AVAILABLE DATA →
────────────────────────────────────────

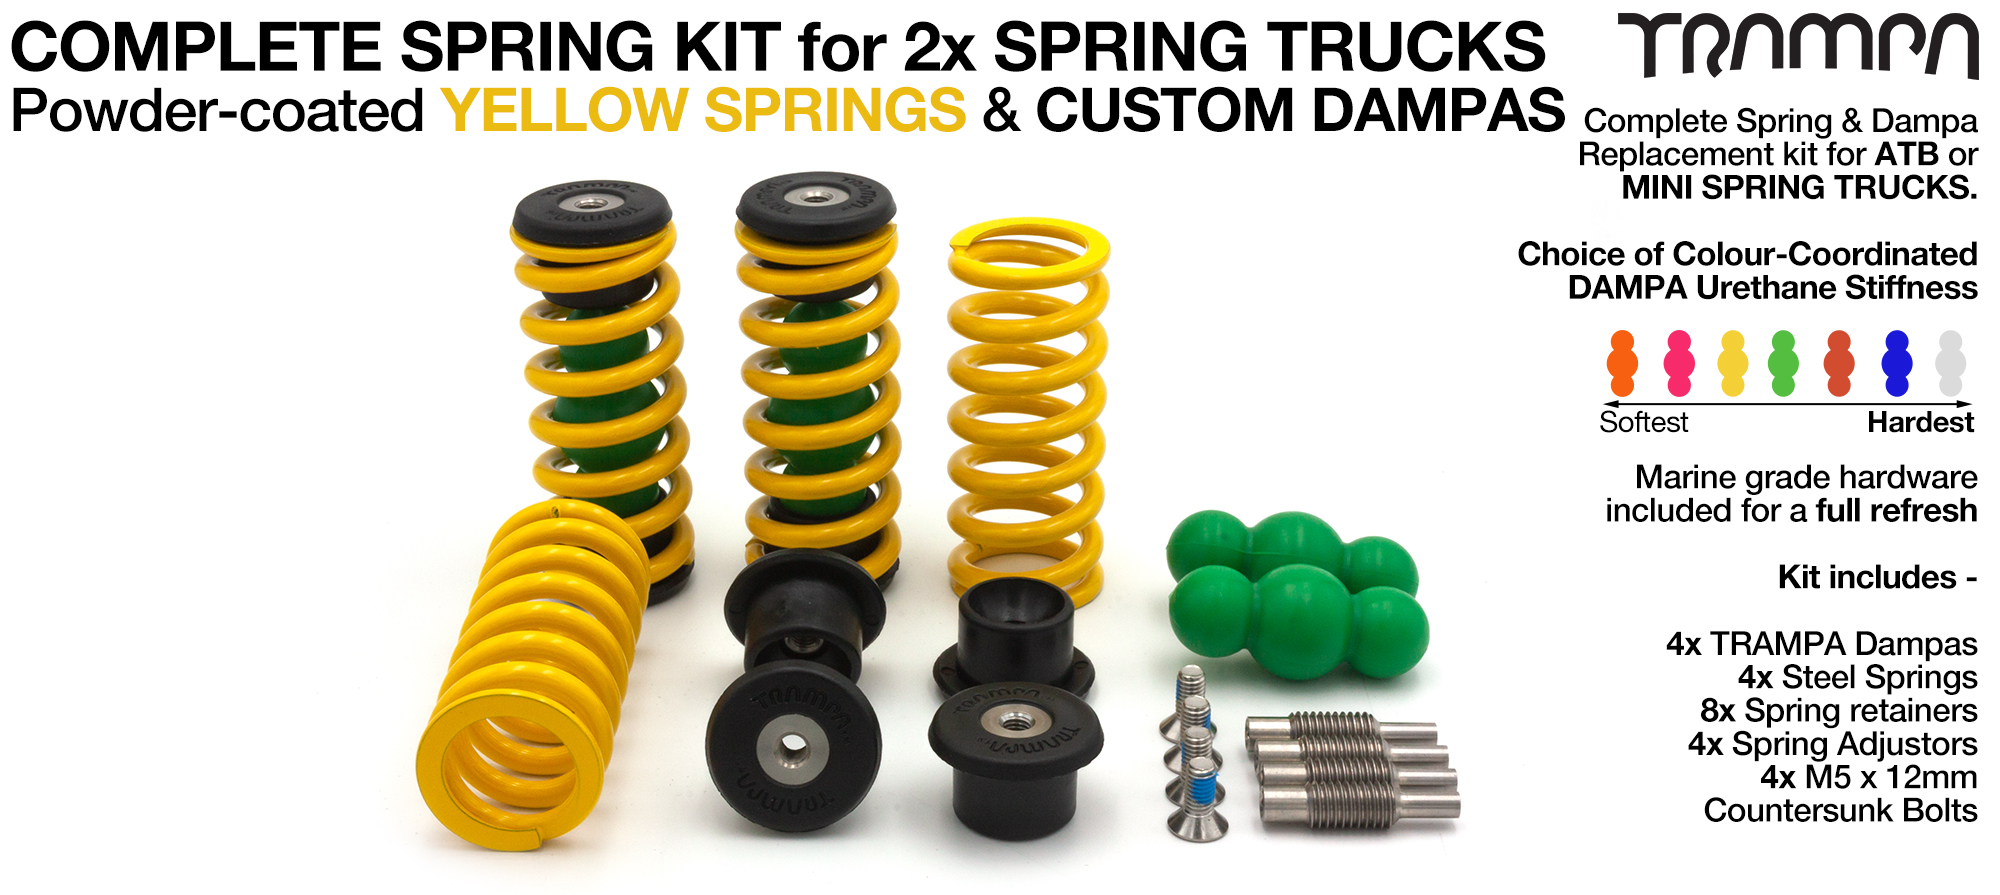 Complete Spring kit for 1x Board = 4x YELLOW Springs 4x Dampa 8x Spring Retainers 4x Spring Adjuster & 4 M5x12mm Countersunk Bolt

────────────────────────────────────────

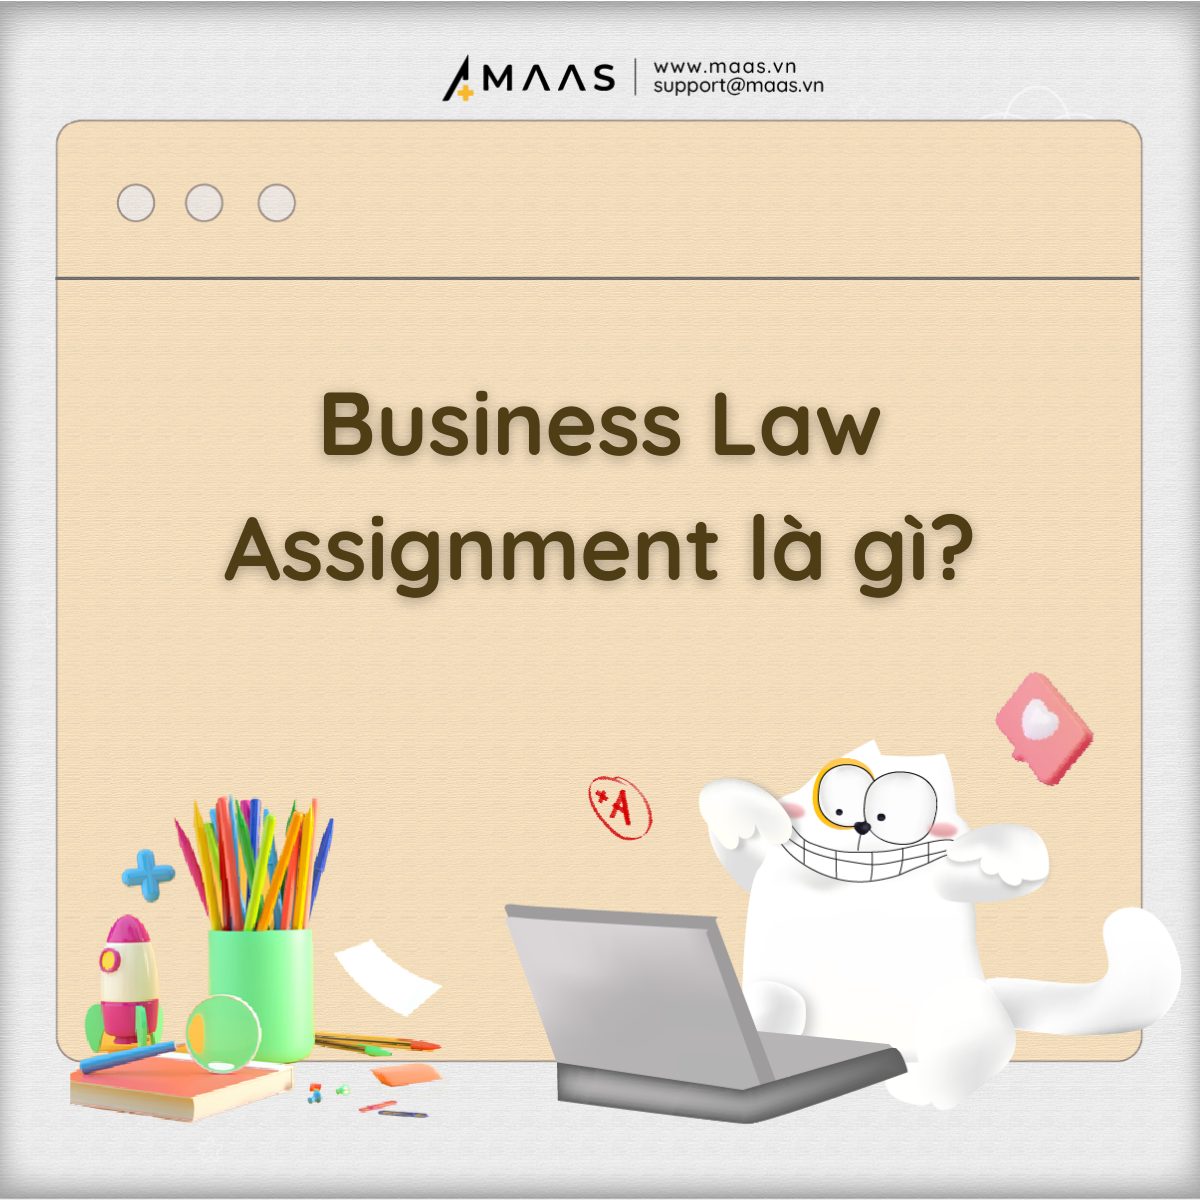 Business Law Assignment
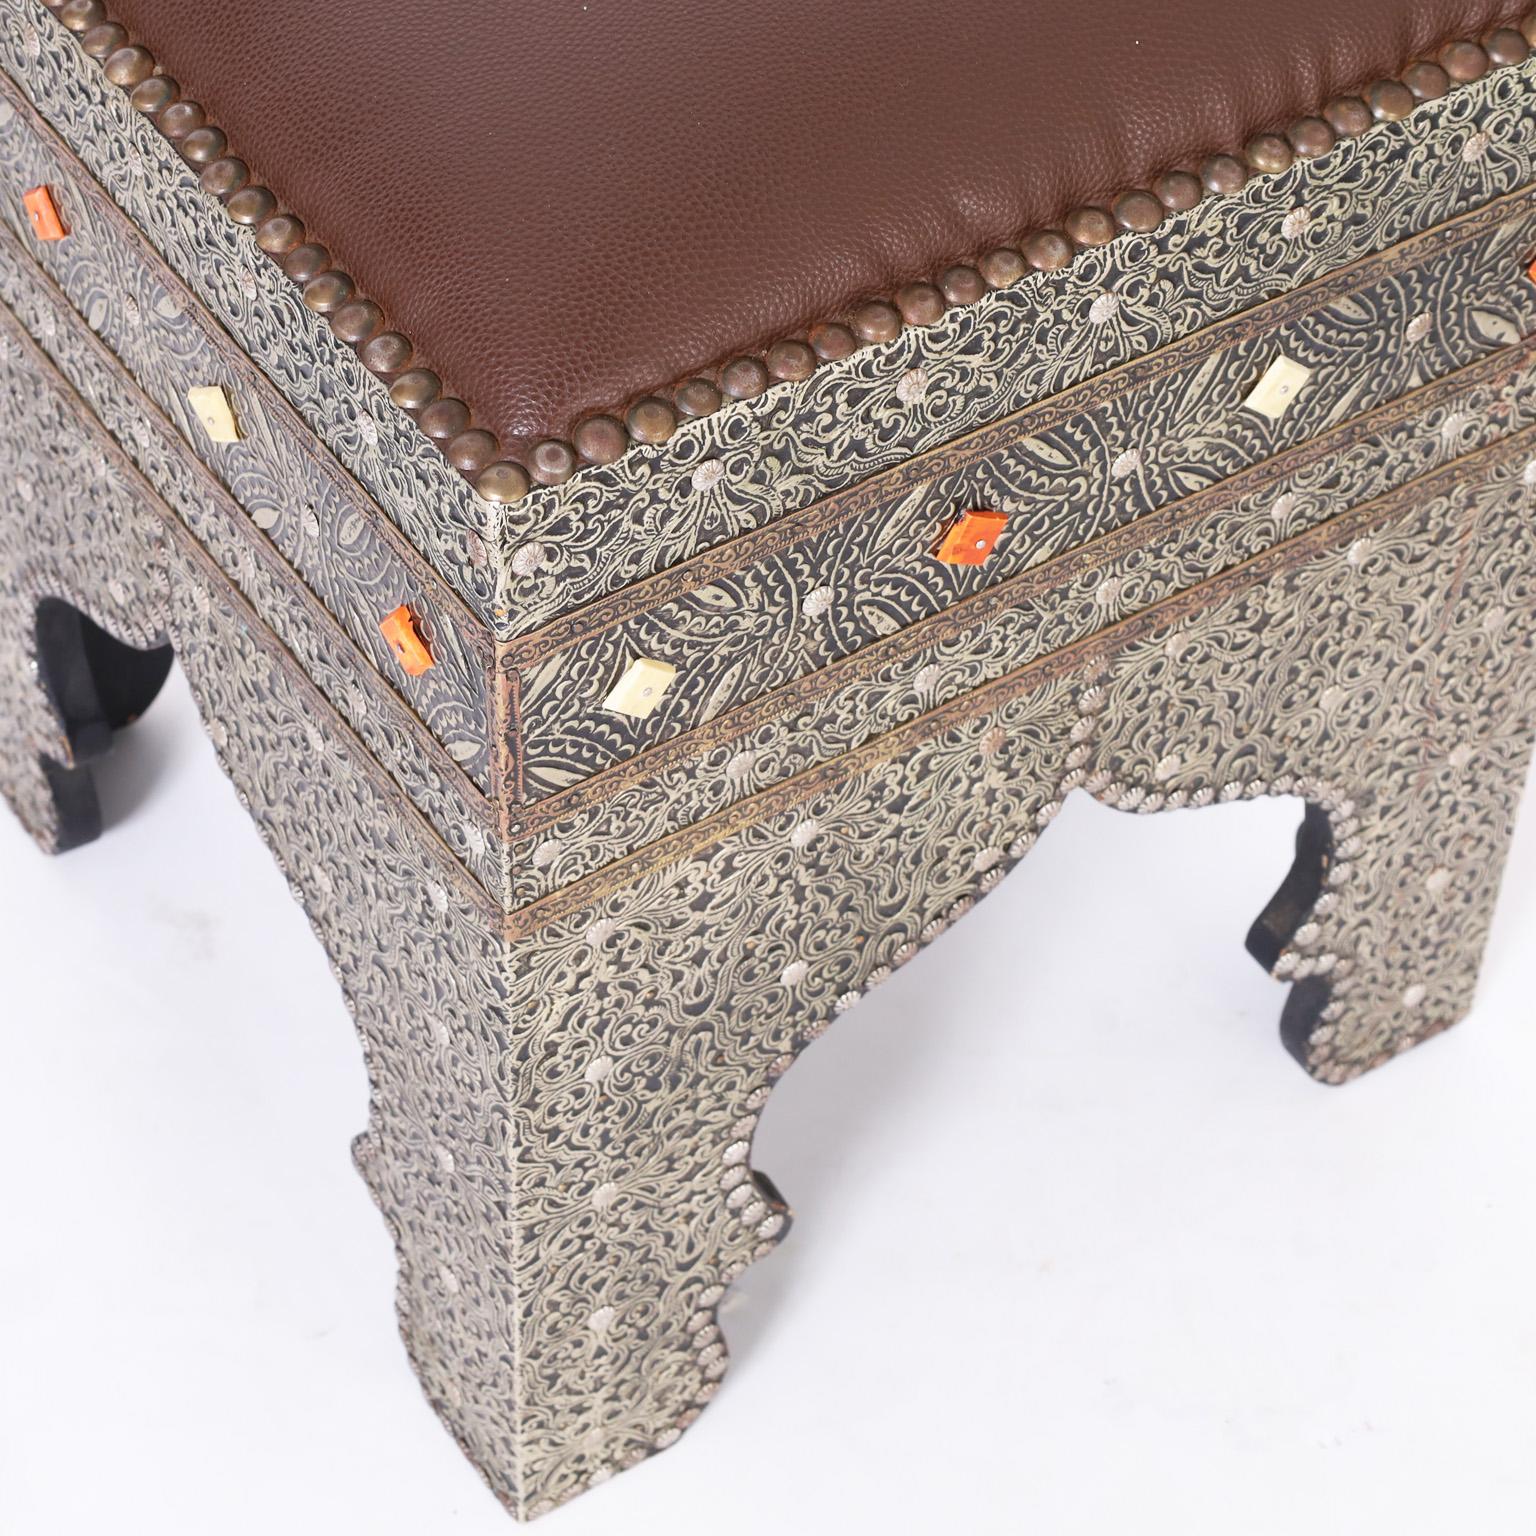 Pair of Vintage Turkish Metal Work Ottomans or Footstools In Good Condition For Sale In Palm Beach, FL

────────────────────────────────────────

PROBLEM TO SOLVE → Reproduce exactly, with no pictures, the lines above from the one holding "Business Law Assignment" to the one holding "Pair of Vintage", inclusive.

YOUR SOLUTION →
 Business Law Assignment
 Pair of Vintage Turkish Metal Work Ottomans or Footstools In Good Condition For Sale In Palm Beach, FL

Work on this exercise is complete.